=== Brief ===
The entries below contain pictures, which are to be left out; write out exactly, and only, the lines from the line with "White Gold Filled Micro" up to and including the line with "Montreal, Canada. 30th".

** Opening Records for this exercise block **

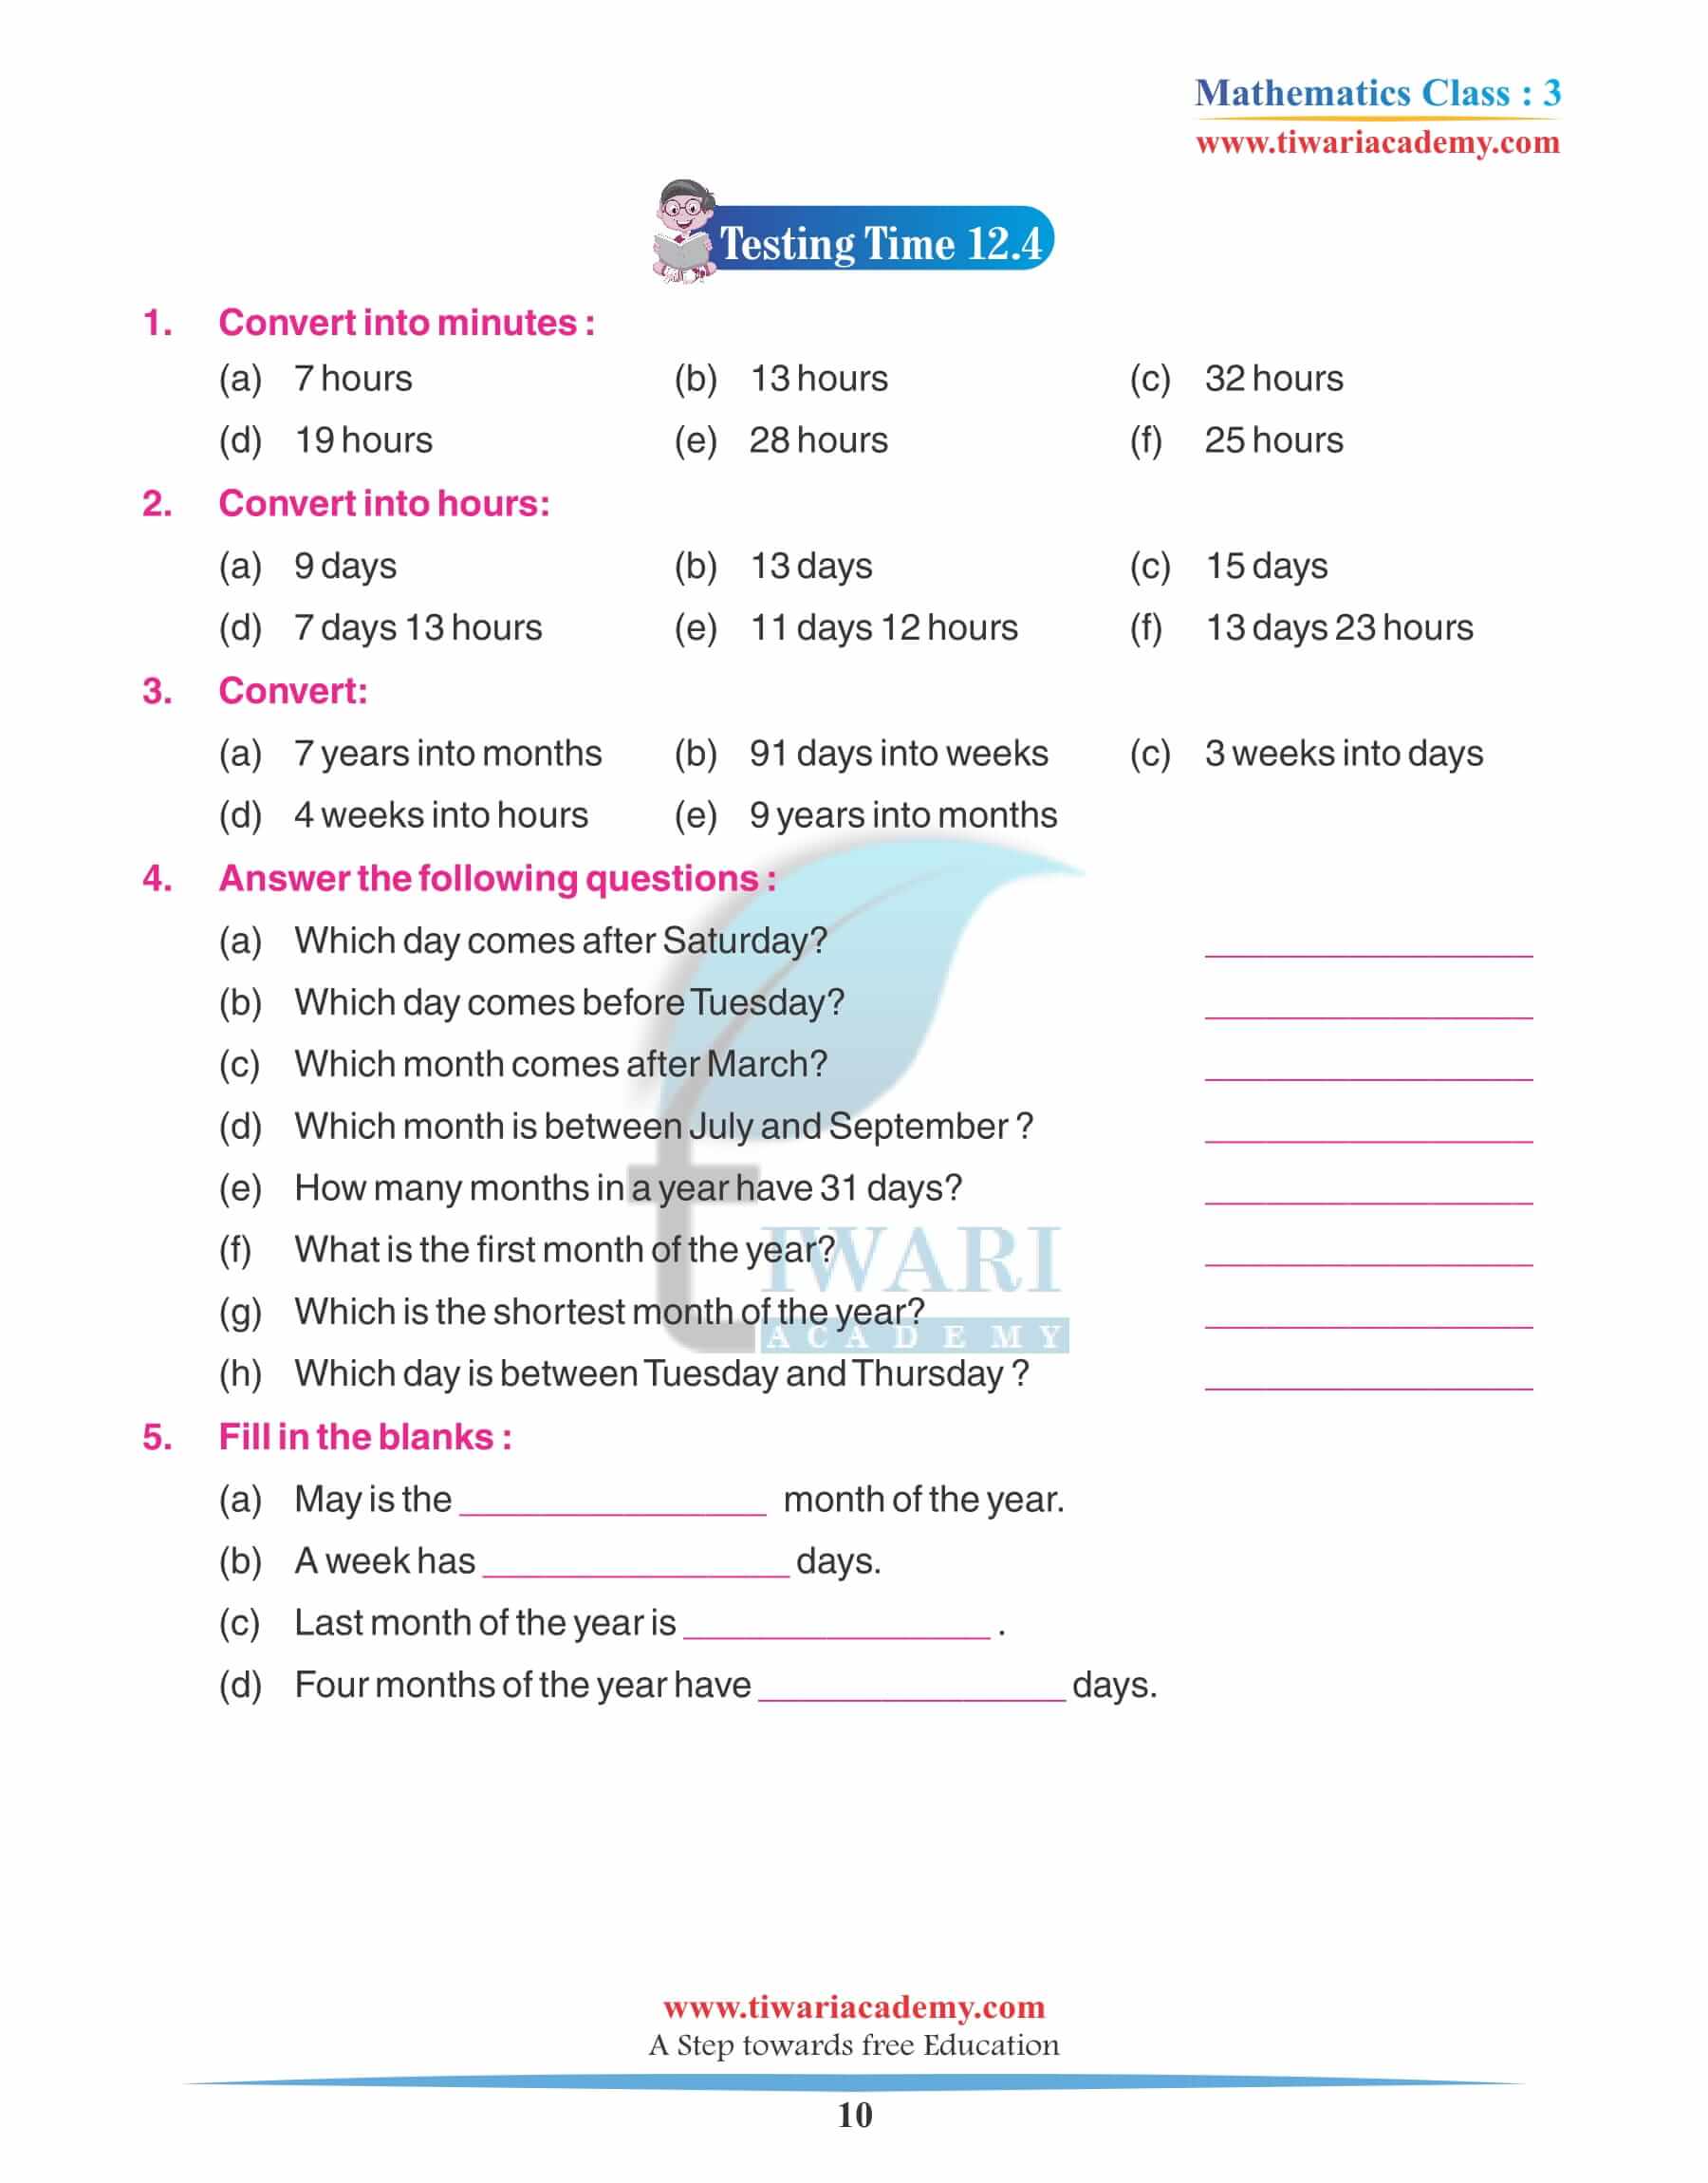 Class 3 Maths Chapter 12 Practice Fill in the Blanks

** Closing Records for this exercise block **
** Opening Records for this exercise block **

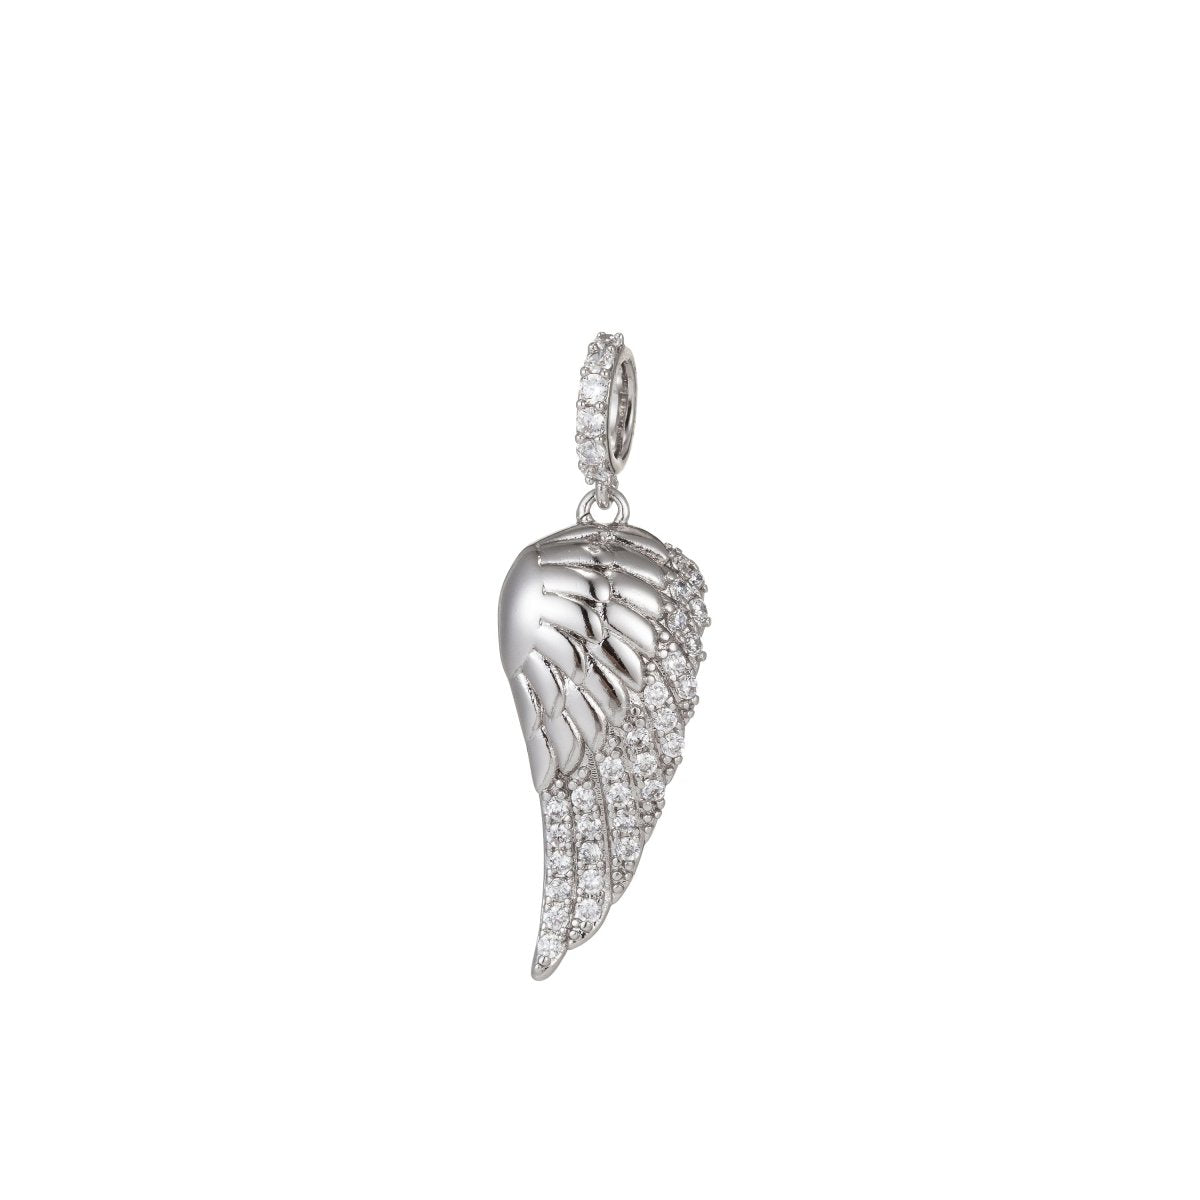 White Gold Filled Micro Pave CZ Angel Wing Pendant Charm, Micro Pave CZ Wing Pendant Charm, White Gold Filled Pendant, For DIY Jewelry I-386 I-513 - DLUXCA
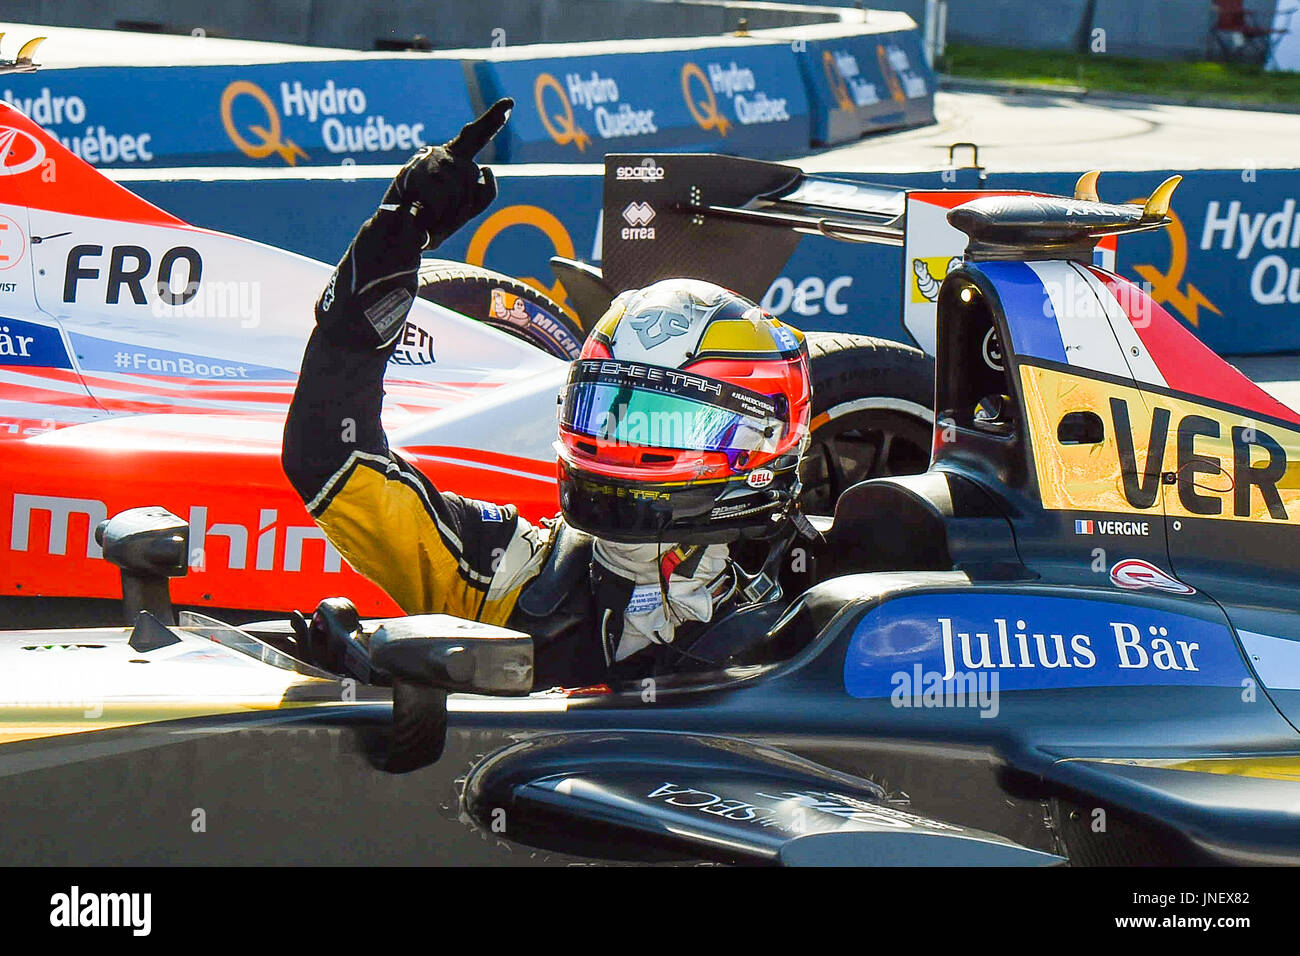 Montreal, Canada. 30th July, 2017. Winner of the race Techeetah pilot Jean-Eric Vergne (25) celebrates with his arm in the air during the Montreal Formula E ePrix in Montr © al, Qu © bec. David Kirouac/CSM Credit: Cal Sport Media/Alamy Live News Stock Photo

** Closing Records for this exercise block **
** Opening Records for this exercise block **

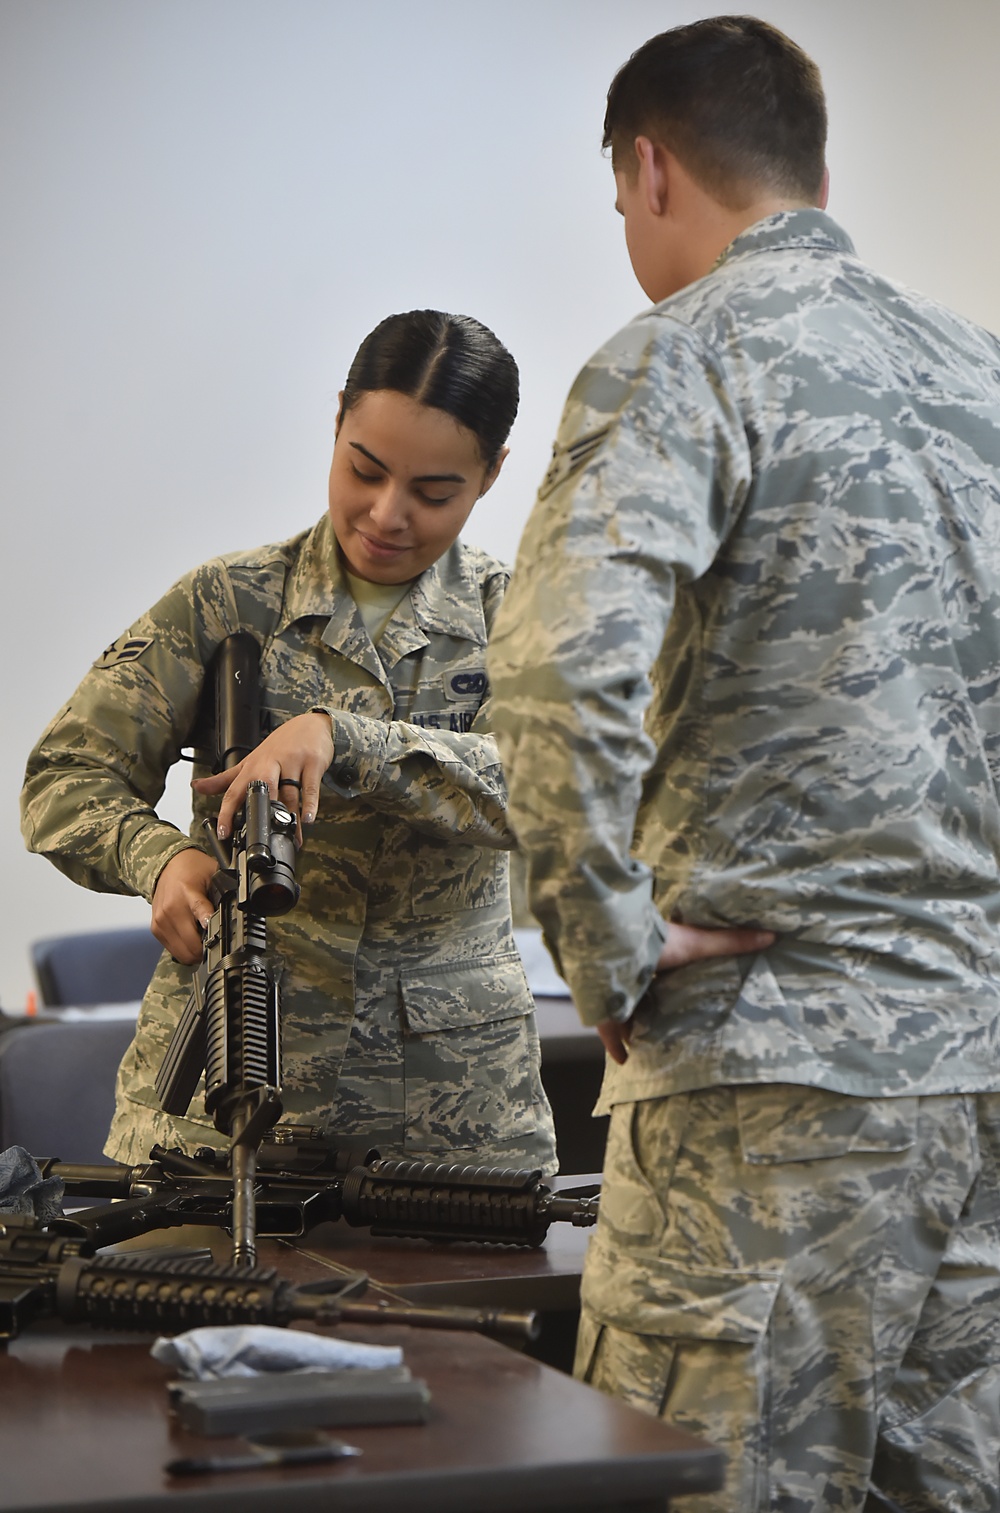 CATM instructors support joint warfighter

** Closing Records for this exercise block **

=== Final answer ===
 White Gold Filled Micro Pave CZ Angel Wing Pendant Charm, Micro Pave CZ Wing Pendant Charm, White Gold Filled Pendant, For DIY Jewelry I-386 I-513 - DLUXCA
 Montreal, Canada. 30th July, 2017. Winner of the race Techeetah pilot Jean-Eric Vergne (25) celebrates with his arm in the air during the Montreal Formula E ePrix in Montr © al, Qu © bec. David Kirouac/CSM Credit: Cal Sport Media/Alamy Live News Stock Photo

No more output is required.